_Dataset entries_.
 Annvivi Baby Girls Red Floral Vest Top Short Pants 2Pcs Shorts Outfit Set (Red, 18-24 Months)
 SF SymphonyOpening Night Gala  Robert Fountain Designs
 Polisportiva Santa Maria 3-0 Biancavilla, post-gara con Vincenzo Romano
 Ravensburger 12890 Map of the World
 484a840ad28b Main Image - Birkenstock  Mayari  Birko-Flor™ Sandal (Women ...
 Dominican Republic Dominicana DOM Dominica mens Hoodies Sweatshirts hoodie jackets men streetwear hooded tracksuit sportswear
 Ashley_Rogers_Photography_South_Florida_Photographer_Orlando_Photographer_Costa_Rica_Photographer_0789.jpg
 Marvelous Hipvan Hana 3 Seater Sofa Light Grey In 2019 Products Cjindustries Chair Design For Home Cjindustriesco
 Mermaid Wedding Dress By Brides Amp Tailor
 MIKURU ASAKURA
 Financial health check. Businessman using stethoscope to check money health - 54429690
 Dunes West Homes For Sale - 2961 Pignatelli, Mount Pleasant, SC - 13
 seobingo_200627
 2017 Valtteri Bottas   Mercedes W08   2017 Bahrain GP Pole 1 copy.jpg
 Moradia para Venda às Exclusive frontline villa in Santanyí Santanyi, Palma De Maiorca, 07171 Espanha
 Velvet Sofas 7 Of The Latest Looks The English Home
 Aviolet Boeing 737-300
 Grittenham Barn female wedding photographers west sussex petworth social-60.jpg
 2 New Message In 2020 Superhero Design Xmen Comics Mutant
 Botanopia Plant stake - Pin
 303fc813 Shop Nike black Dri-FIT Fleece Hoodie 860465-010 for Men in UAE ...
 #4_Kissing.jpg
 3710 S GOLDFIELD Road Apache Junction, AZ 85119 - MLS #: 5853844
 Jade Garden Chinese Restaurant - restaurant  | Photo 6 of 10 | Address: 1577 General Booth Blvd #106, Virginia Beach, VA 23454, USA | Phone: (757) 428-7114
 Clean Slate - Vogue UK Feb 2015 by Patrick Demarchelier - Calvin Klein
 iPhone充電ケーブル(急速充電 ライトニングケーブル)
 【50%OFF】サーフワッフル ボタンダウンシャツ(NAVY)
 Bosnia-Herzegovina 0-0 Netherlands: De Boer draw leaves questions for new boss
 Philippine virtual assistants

_Aim of the exercise_. Could you write out, exactly as they stand, only the lines above that begin at the line with "Mermaid Wedding Dress By Brides Amp Tailor" and stop after the line with "2017 Valtteri Bottas"?

_Response below_.
 Mermaid Wedding Dress By Brides Amp Tailor
 MIKURU ASAKURA
 Financial health check. Businessman using stethoscope to check money health - 54429690
 Dunes West Homes For Sale - 2961 Pignatelli, Mount Pleasant, SC - 13
 seobingo_200627
 2017 Valtteri Bottas   Mercedes W08   2017 Bahrain GP Pole 1 copy.jpg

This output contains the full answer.